Ele ouviu da avó Maria a promessa feita e de mim a minha atrapalhação e sugeriu de pronto:

- Então, para evitar esse esforço ao Victor, eu digo à Dª Maria que ponha nessas 3 missas a vela acesa num castiçal especial, que será colocado junto ao altar e a promessa ficará assim cumprida na mesma. Está bem, Dª Maria?

A doce avó Maria concordou e assim se fez e ela ficou de consciência tranquila para todo o sempre.

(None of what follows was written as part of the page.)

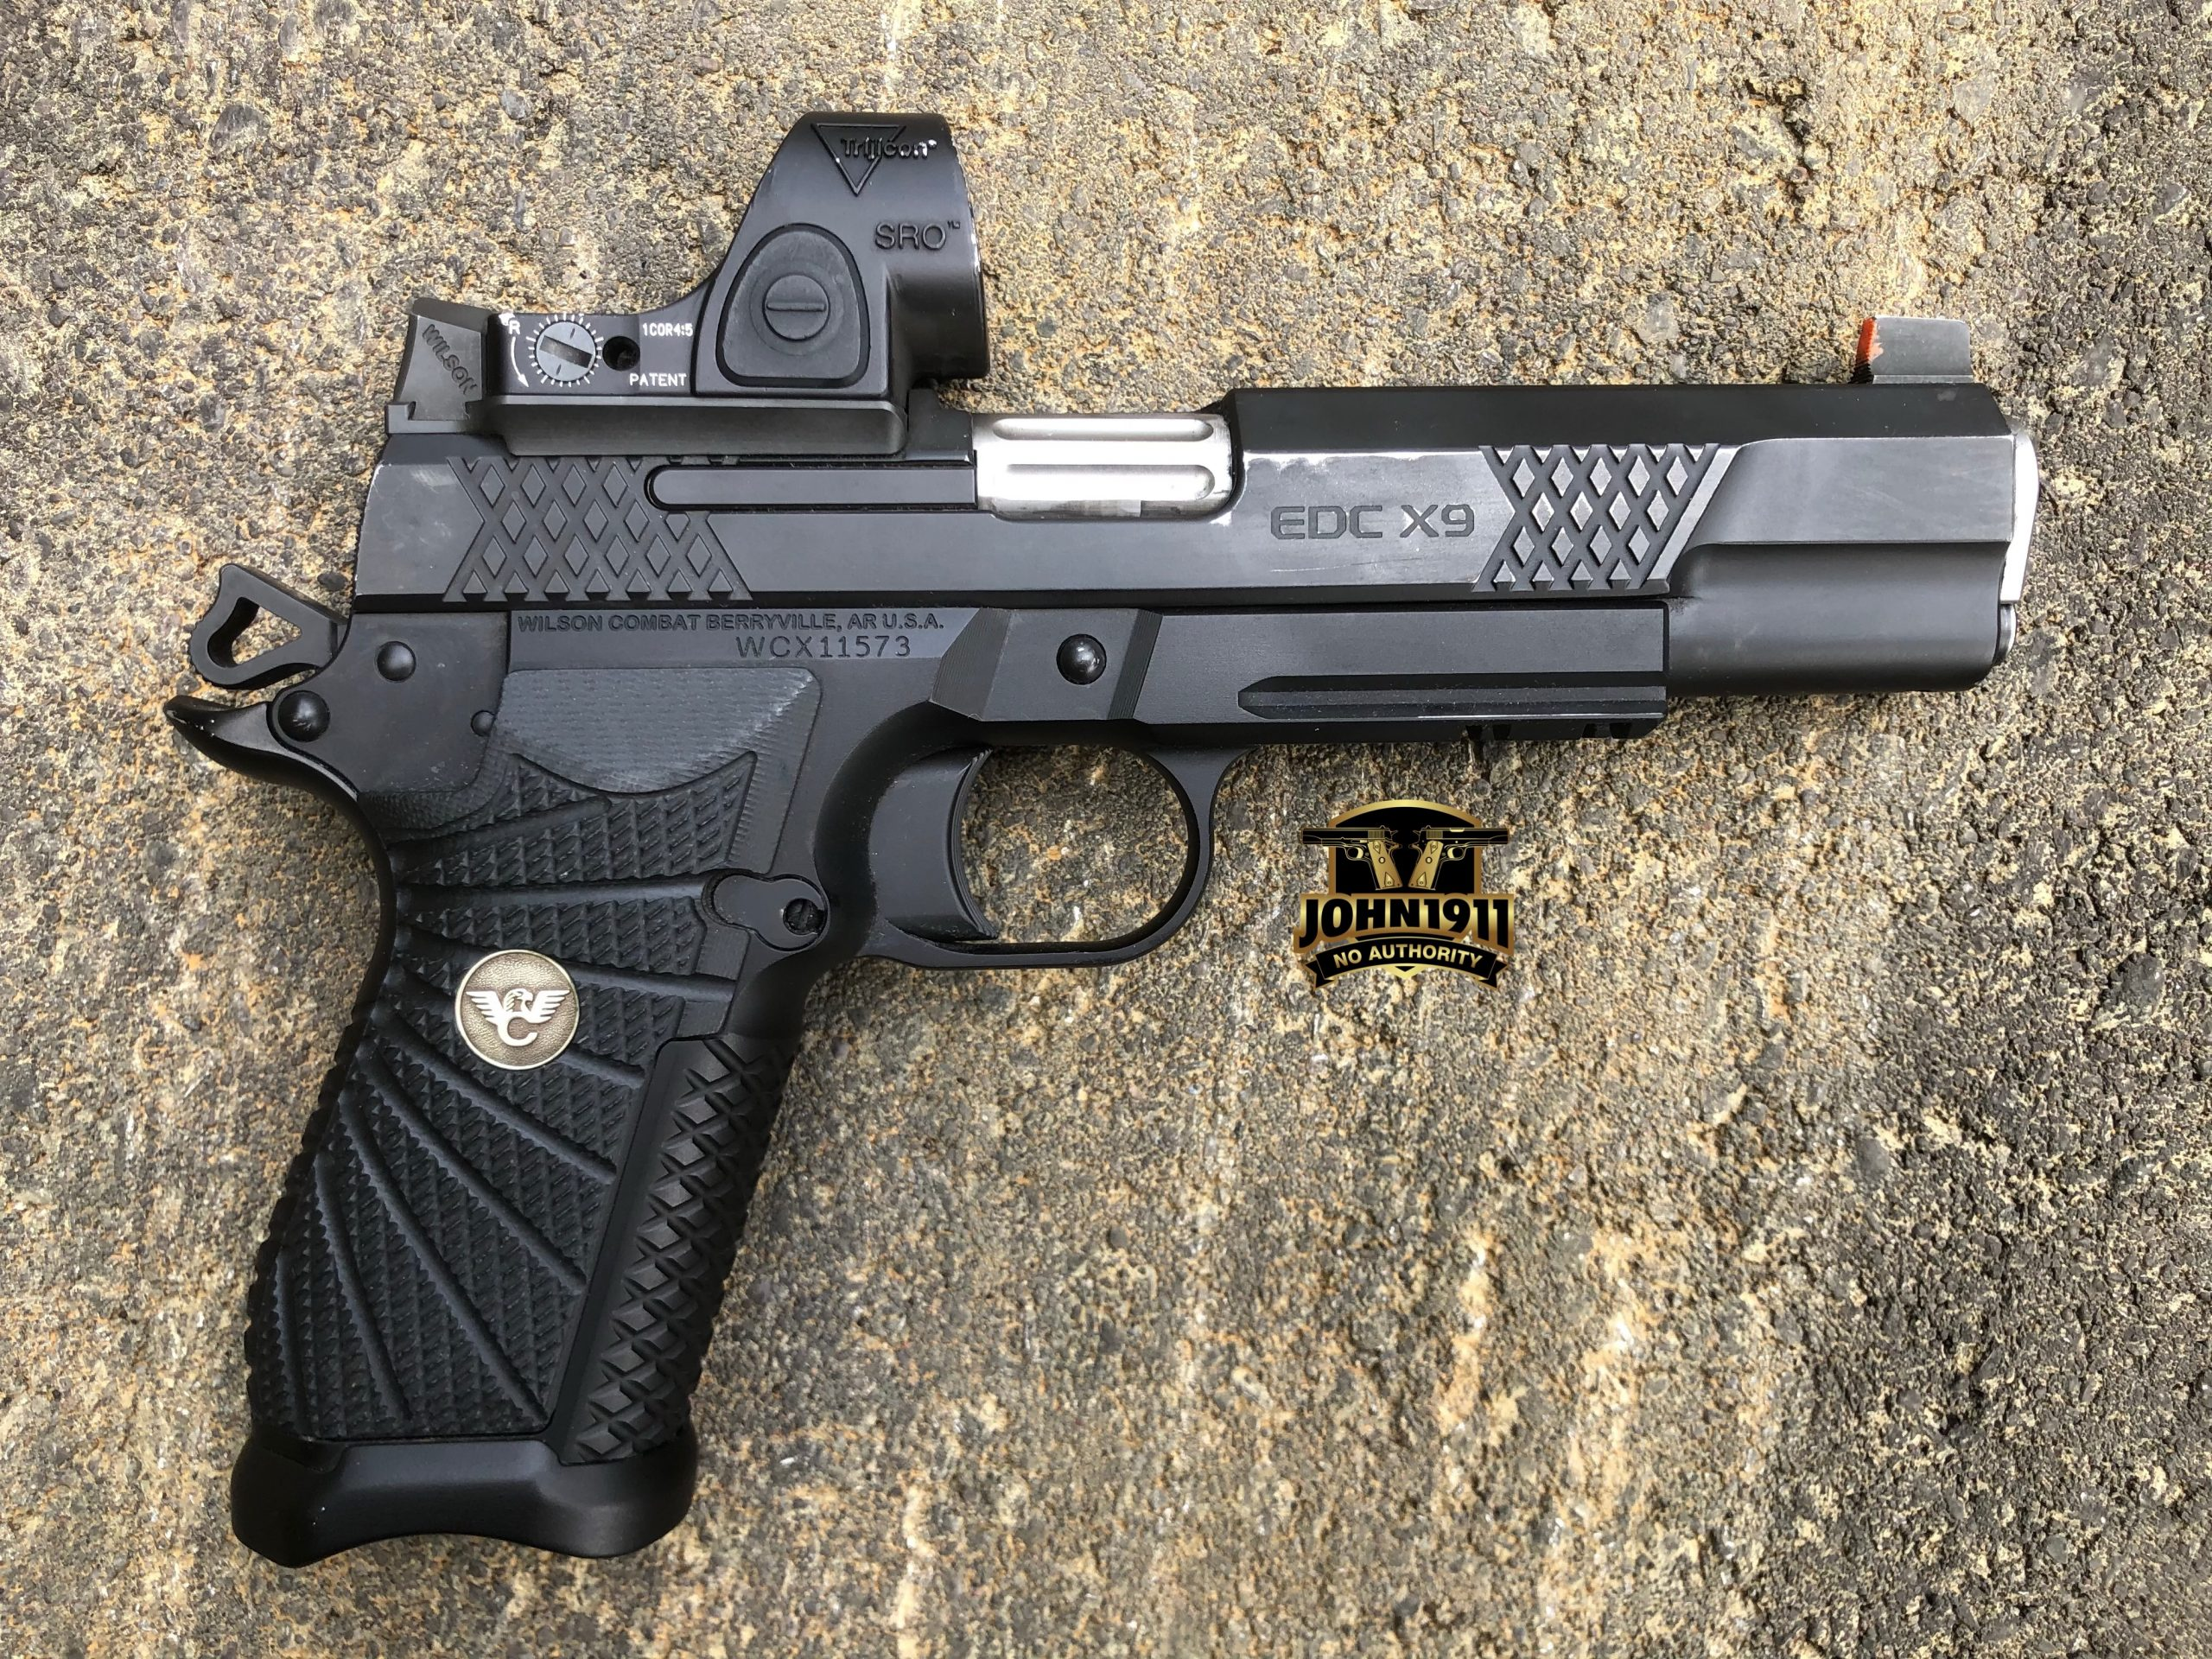 Wilson EDC X9, X9L Holster Wear. The 13 P's of gun wear.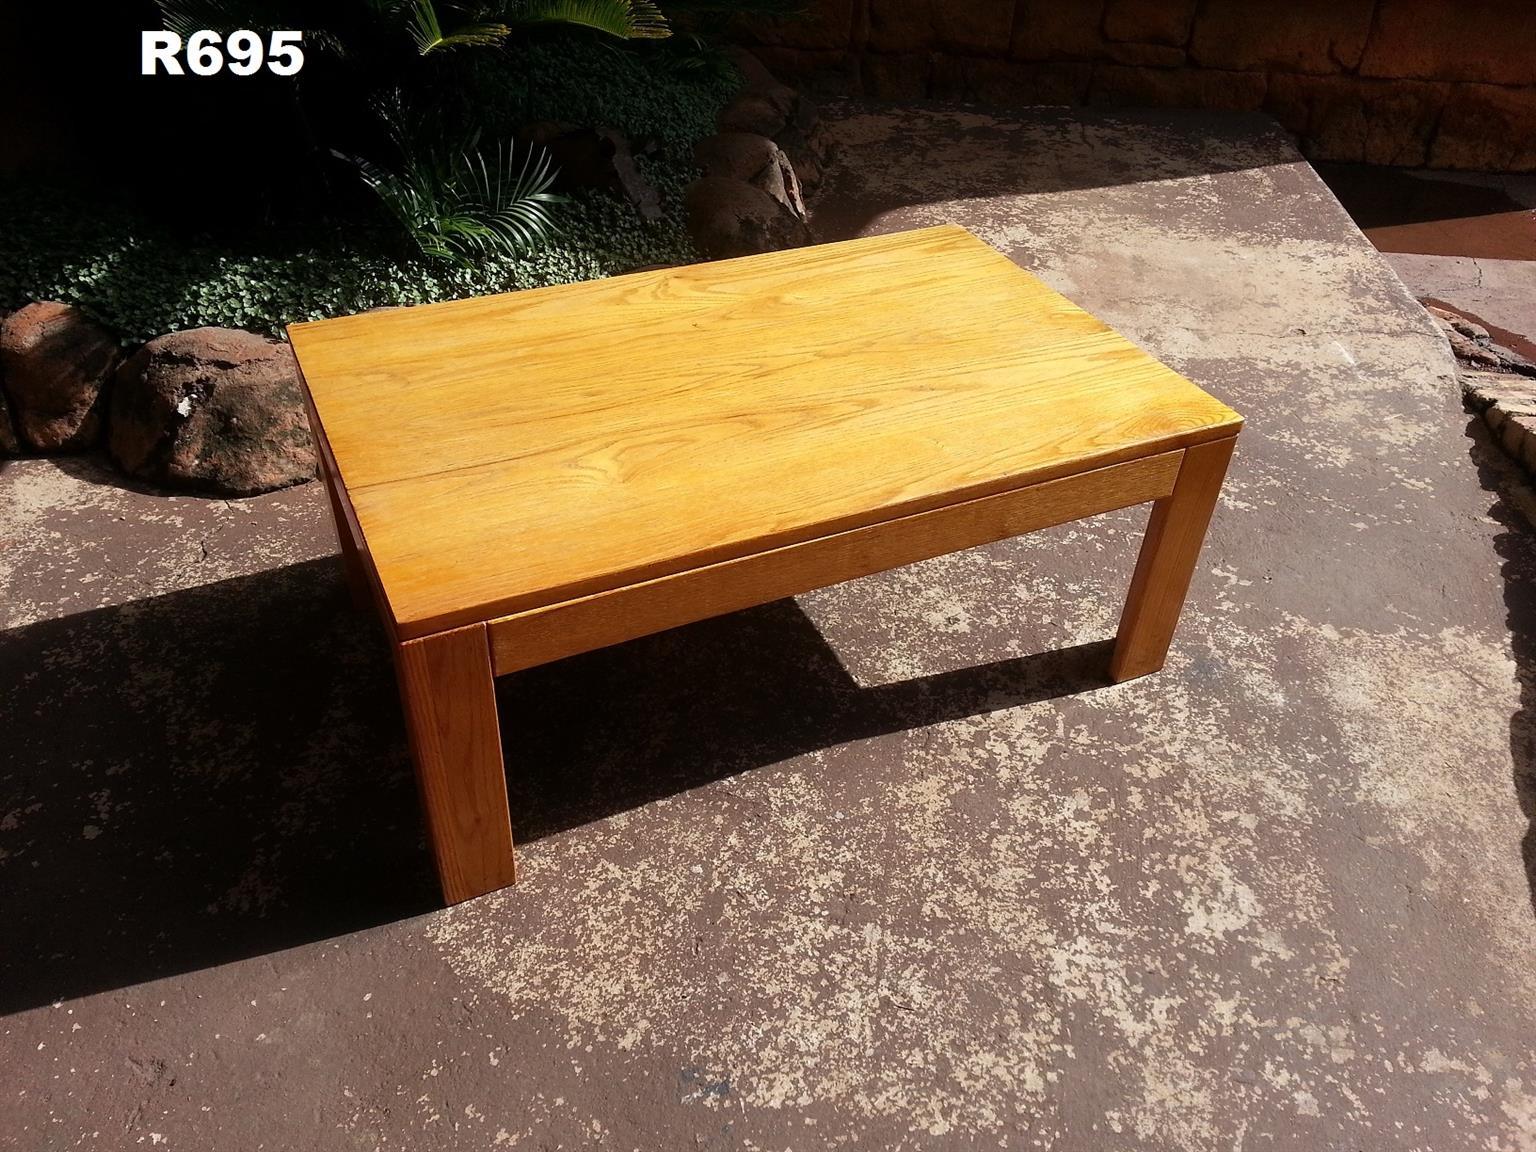 Medium Solid Oak Coffee Table (1000x640x410)

Só não soube, nem desconfiou minimamente que, durante a semana, eu e meu pai tínhamos dado conta da situação ao amigo padre Zé, tendo da conversa resultado essa airosa solução para a patusca promessa da querida e muito saudosa avó Maria… 

Uma querida!.

Que descanse em paz, que bem merece!

E que Zé Azevedo e filho não acabem penalizados pela pequenina habilidade!...

4 comentários:

Suzana Pratas disse...

ahahahah...!! Estou farta de rir à gargalhada! Parece que estou a ver a situação a acontecer!
"Então a avó fez a promessa para eu cumprir?!!" ehehhehe
Coitada, ficou a sofrer e ainda tinha que pagar a promessa?! Acho muito bem que o sofrimento seja partilhado. É assim mesmo....ehehehehe

Grande avô! Grande coração do padre Zé...
Adorei a história!!

Beijos padrinho

Victor Azevedo disse...

Quase sempre é necessária inteligência e experiência de vida para contornar soluções surgidas no quotidiano.
Foi o caso, Susana.
Na altura a situação foi muito comentada na família e a doce avó Maria criticada por fazer promessa para outro cumprir mas, ela, coitada, fê-lo no melhor dos propósitos e convicta que estava a ser amiga do neto e correcta no procedimento.
E o castiçal foi colocado no chão, junto ao altar e a avó Maria ficou de consciência tranquila. E...
o neto aliviado...

Suzana Pratas disse...

É sempre tão bom rever esta deliciosa história 🙂

Victor Azevedo disse...

Concordo, Suzana. E, no meu caso, que as vivi, por incrível que possa parecer, revejo-as na memória como se tivessem ocorrido há escassos dias atrás. Se gostava muito de cumprir o prometido pela Avó Maria, por outro não tinha a mínima vontade nem pachorra de passar as missas - e logo 3! - de vela acesa nas mãos... A solução encontrada foi a mais airosa e, vamos acreditar, a promessa foi cumprida.